Home Channel News, May 1, 2000 by John Caulfield

Their responses have become predictable.

To hear some independent dealers tell it, they've never lost a customer to a big-box competitor, at least not for long. No matter which dealer one asks, and no matter where that dealer is located in the United States, the answer to the question "what happened after [fill in the blank] moved into your neighborhood?" is invariably the same, as if it were scripted and passed to dealers around the country.

"Well," say the dealers, in interview after interview, "we lost 40 percent of our business in the first year after that warehouse opened next door. But shoot, most of my customers came back because they got frustrated by the service over there." Oh, and by the way, those big boxes now send their customers over to the independent dealer's stores "when they don't have what shoppers come in for, because they know we'll have it."

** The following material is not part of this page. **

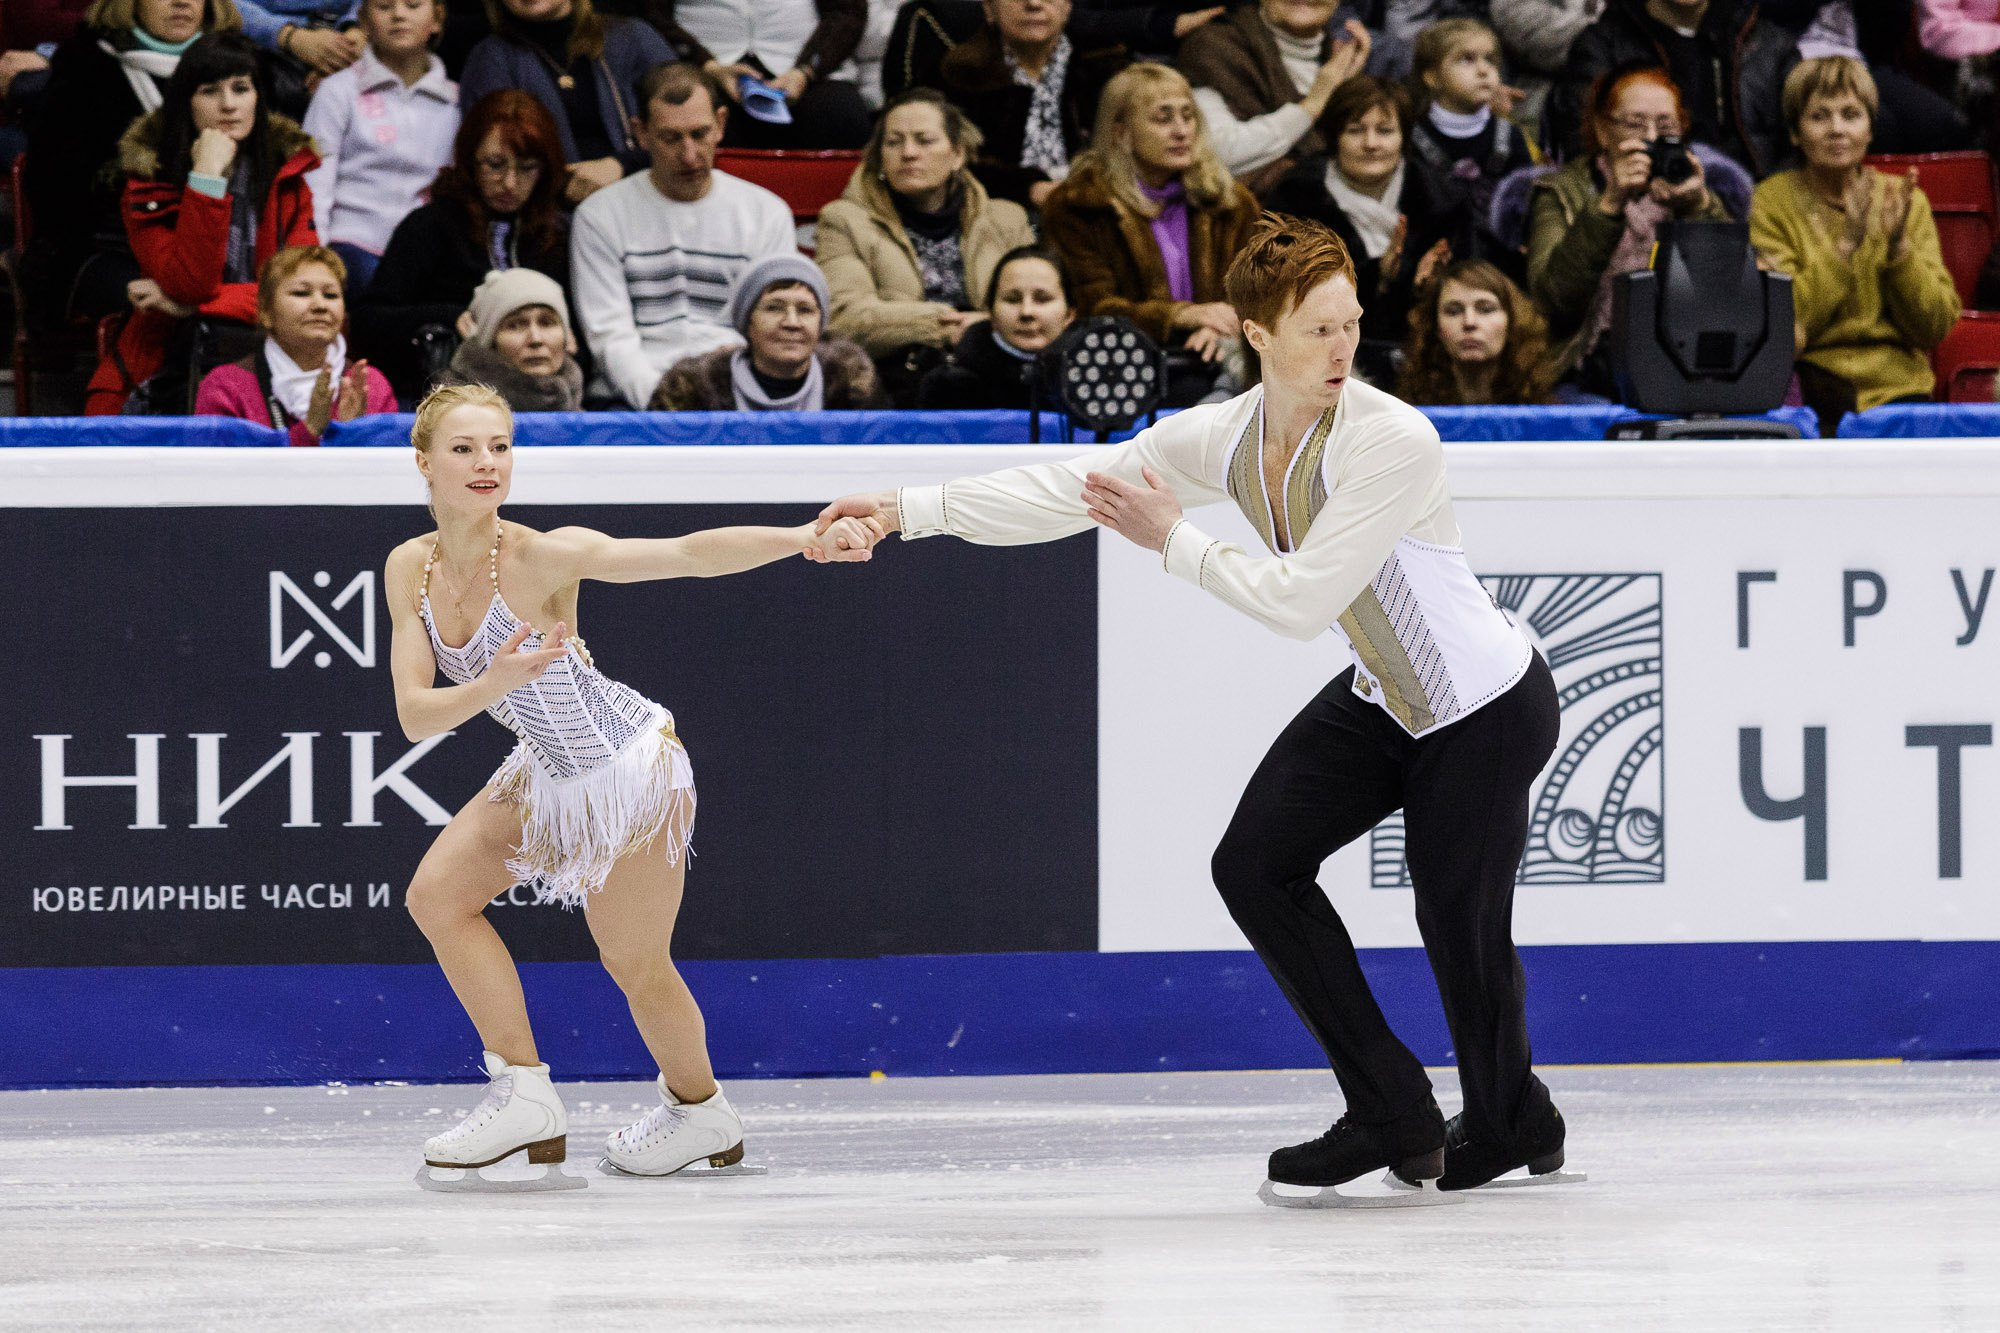 Евгения Тарасова и Владимир Морозов (26.12.2016)

In a market where the three largest home improvement chains -- Home Depot, Lowe's and Menard -- opened 266 new stores and captured 35 percent of the industry's $166 billion in retail sales last year, customer loyalty is always in doubt, as are the claims of superiority by independents about their stores' customer service and product assortment. We've entered the land of lowered expectations, where survival is viewed as victory, and "growth" is seen as being able to open your doors each morning.

That's not to say that all is lost but for a handful of mega-chains. Indeed, this issue of NHCN reports on one dealer, surrounded by implacable foes, that has succeeded by approaching the market in an entirely new way; and another retailer, once dominant in its market, that is rolling the dice with a new store format.

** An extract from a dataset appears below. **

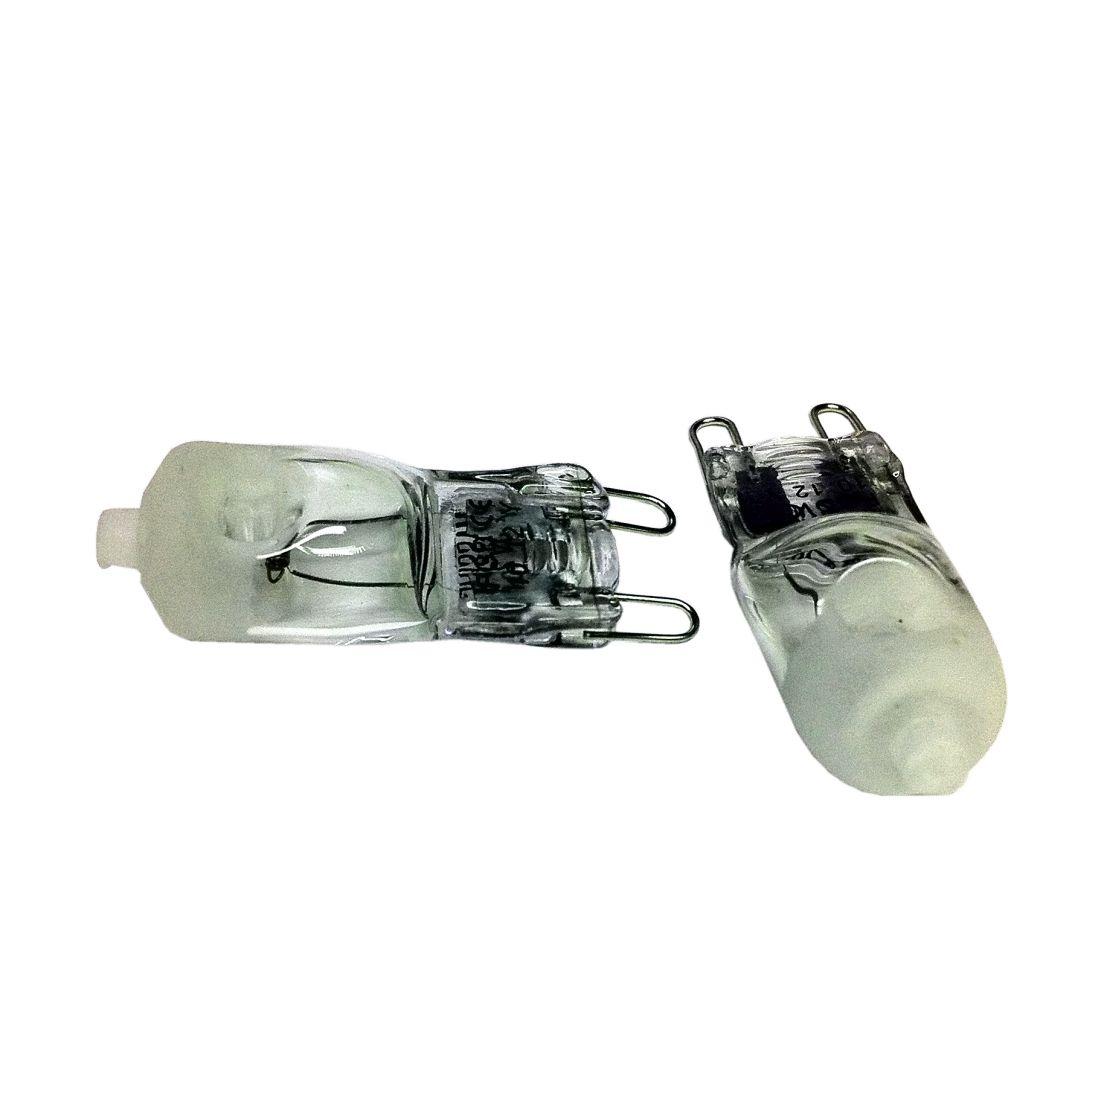 70w T8 Fluorescent tube (5400K, daylight, triphosphor, 6ft ...

As correspondent Michelle Breyer reports on page 1, Rochester, N.Y, has been hostile territory for independent dealers for more than two decades. But where stores large and small have fallen, Penfield Hardware still stands. though not exactly as it started 90 years ago. Its owner, Dave Meng, realized 15 years ago that he'd have to find a new way to deflect the assault from the area's two giants, Home Depot and homegrown Chase-Pitkin. He moved his operation's specialty from selling hardware to selling handyman services. Those services became so popular that 40 homeowners have even entrusted duplicates of their house keys to Penfield Hardware so that its repairmen can let themselves in to fix things while the homeowners are at work.

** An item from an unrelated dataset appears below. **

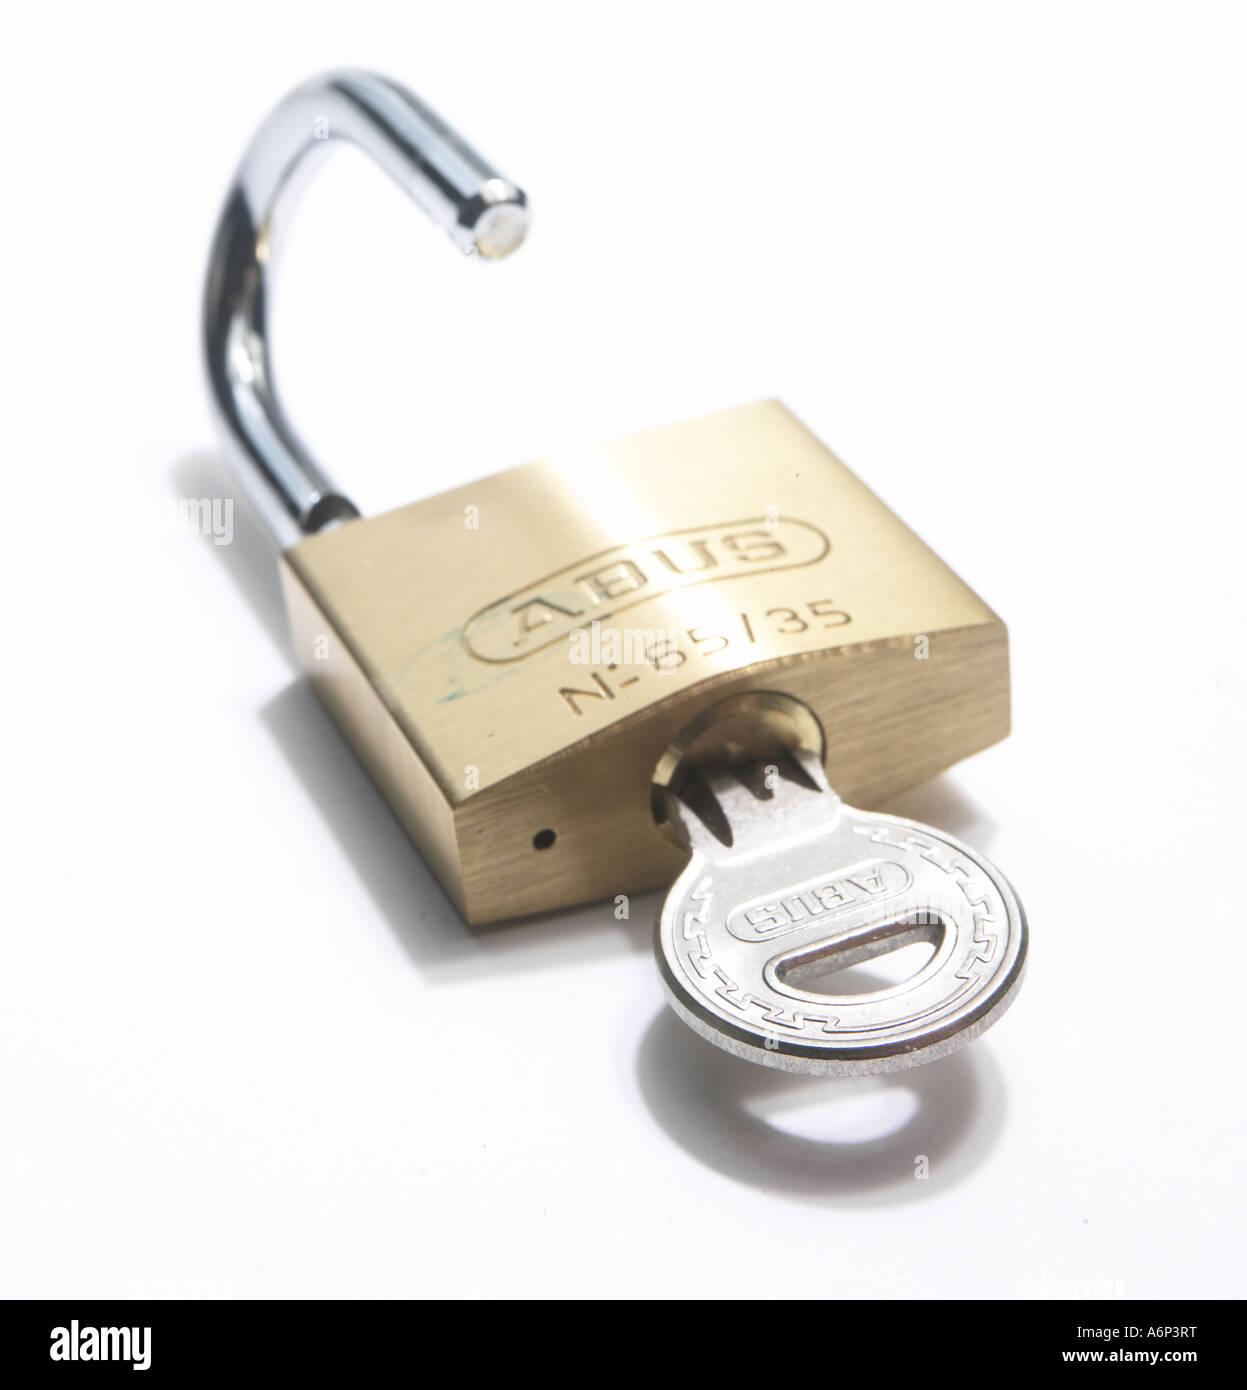 padlock unlocked by key - Stock Image

Pergament Home Centers was launched 65 years ago as a family owned paint store. It grew, in the 1970s and early 1980s, into a 40-unit home improvement chain that ruled the roost on Long Island, N.Y Home Depot's arrival and expansion in the New York metropolitan area -- combined with an ill-advised leveraged buy out and revolving-door corporate management -- stranded Pergament in that desert known as anonymity. "Are they still in business?" was what a friend asked me when I told him I was going to interview Pergament's new owners.

My honest answer would be "I'm not sure yet." Pergament's game plan (see page 1) is fundamental: shrink the stores' size to make them easier to shop than Home Depot's. Lay out the merchandise to expose customers to better sellers -- paint, furniture, housewares and lighting -- and to give higher-turning secondary products a better chance of selling. Put the headquarters and distribution operations on a strict diet from past spending excesses.

Pergament's owners convinced me that they are sincere in their efforts to turn the company around. They know better than any-one that Lowe's and, probably, Villager's Hardware are just waiting to complicate their stores' future recovery.

Early results of Pergament's strategy have been positive. But now the hard part -- perseverance -- begins.